Préavis de grève : le SYTJUST réfute les arguments du ministre et défend la légalité de la démarche syndicale
SENTV : Le débat autour de la légalité du préavis de grève déposé par le Front syndical pour la défense du travail prend de l’ampleur. Alors que le ministre de la Fonction publique, du Travail et de la Réforme du service public, Mamadou Lamine Dianté, a soutenu que seules les organisations syndicales de base sont habilitées à déposer un préavis de grève, cette lecture est vivement contestée par plusieurs responsables syndicaux.
Interrogé par Dakaractu, le secrétaire général du Syndicat des travailleurs de la Justice (SYTJUST), Ayé Boun Malick Diop, rejette catégoriquement l’argument du « vice de procédure » avancé par le ministre. Selon lui, le préavis du Front syndical a été régulièrement déposé le 11 mars 2026, bien avant les récentes déclarations du membre du gouvernement.
« L’argument de vice de procédure invoqué par le ministre ne tient pas. Si une irrégularité existait, l’État disposait de plusieurs mois pour la signaler. Il ne l’a jamais fait », affirme le responsable syndical.
Pour le SG du SYTJUST, la réglementation encadrant le droit de grève ne saurait être interprétée de manière restrictive. Il soutient que les centrales syndicales sont pleinement fondées à déposer un préavis de grève, conformément à leur rôle de représentation des travailleurs. La responsabilité du gouvernement, ajoute-t-il, est d’examiner les revendications contenues dans le préavis et d’engager les discussions nécessaires, plutôt que de contester sa recevabilité plusieurs mois après son dépôt.
Ayé Boun Malick Diop estime que la position exprimée par le ministre constitue une interprétation inédite des règles qui régissent le mouvement syndical au Sénégal.
« Dire que les centrales syndicales ne peuvent pas déposer de préavis de grève revient à remettre en cause le fonctionnement même du syndicalisme. Le ministre ne peut pas réinventer le syndicalisme », déclare-t-il.

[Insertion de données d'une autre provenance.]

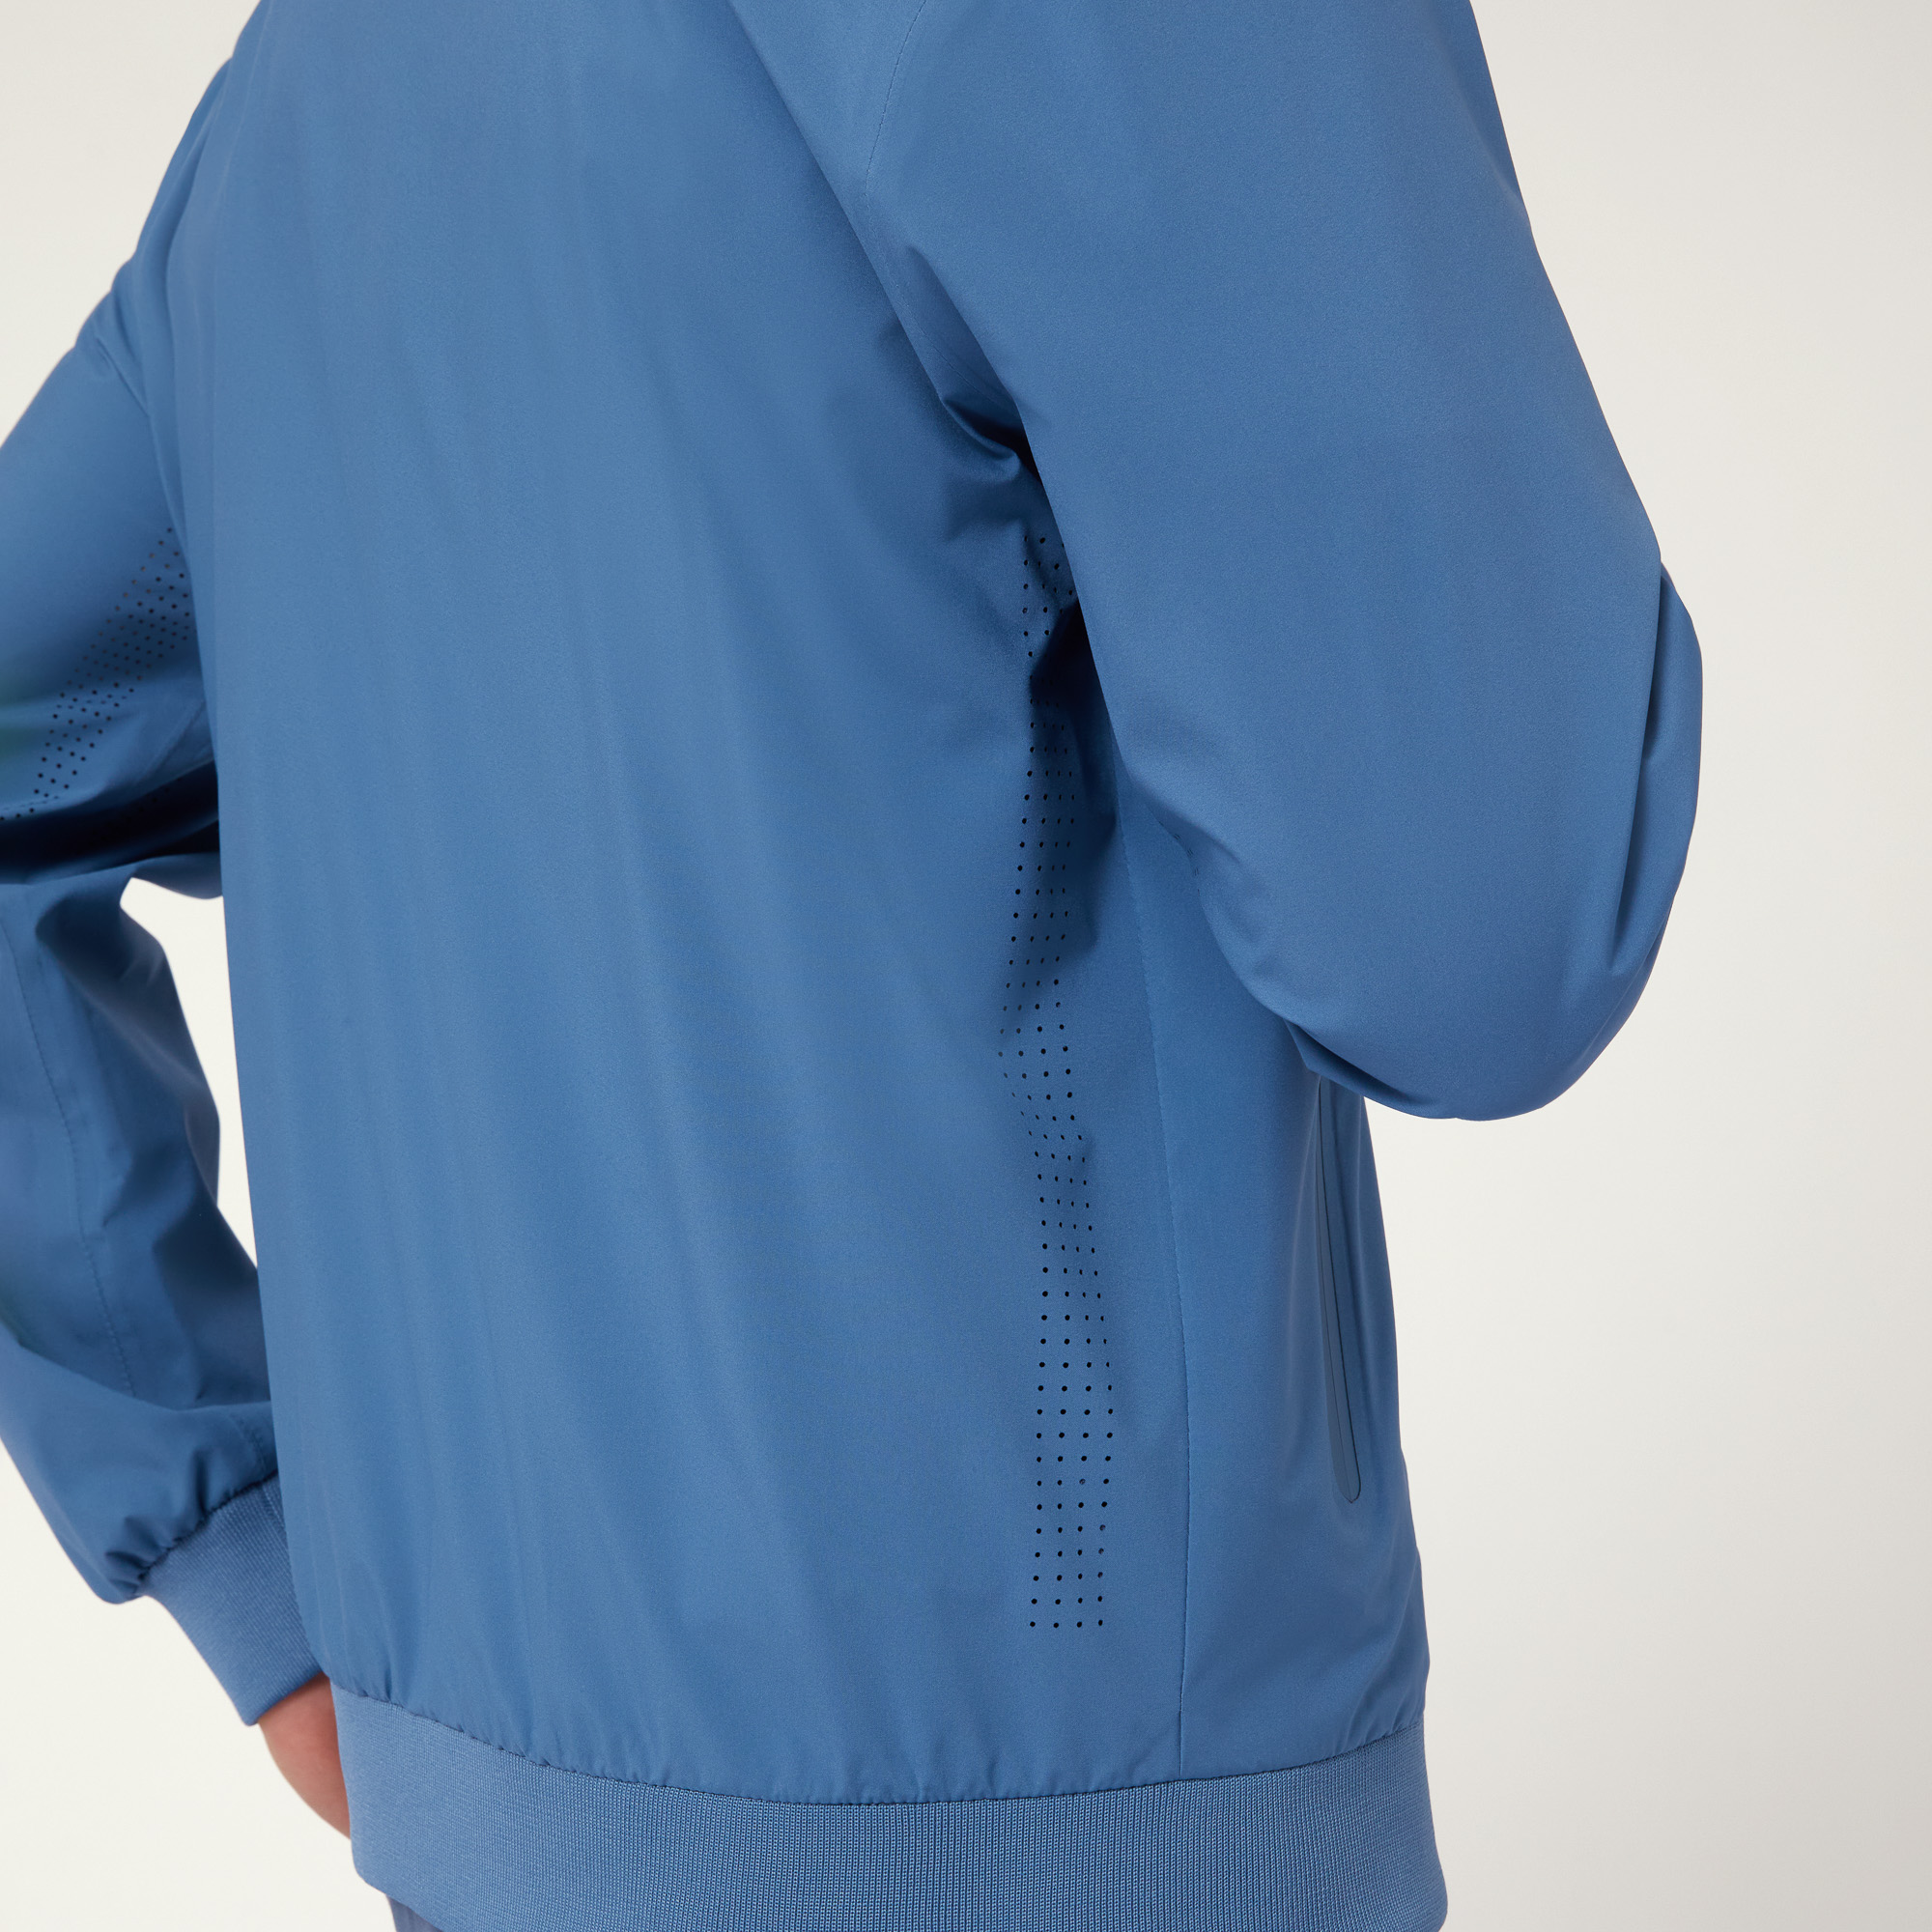 Jacke aus Softshell, Blau, large image number 2

Cette divergence d’interprétation intervient dans un climat social marqué par plusieurs revendications portées par les organisations de travailleurs. Elle pourrait accentuer les tensions entre le gouvernement et le Front syndical pour la défense du travail, au moment où les partenaires sociaux sont appelés à privilégier le dialogue afin d’éviter une nouvelle escalade du conflit.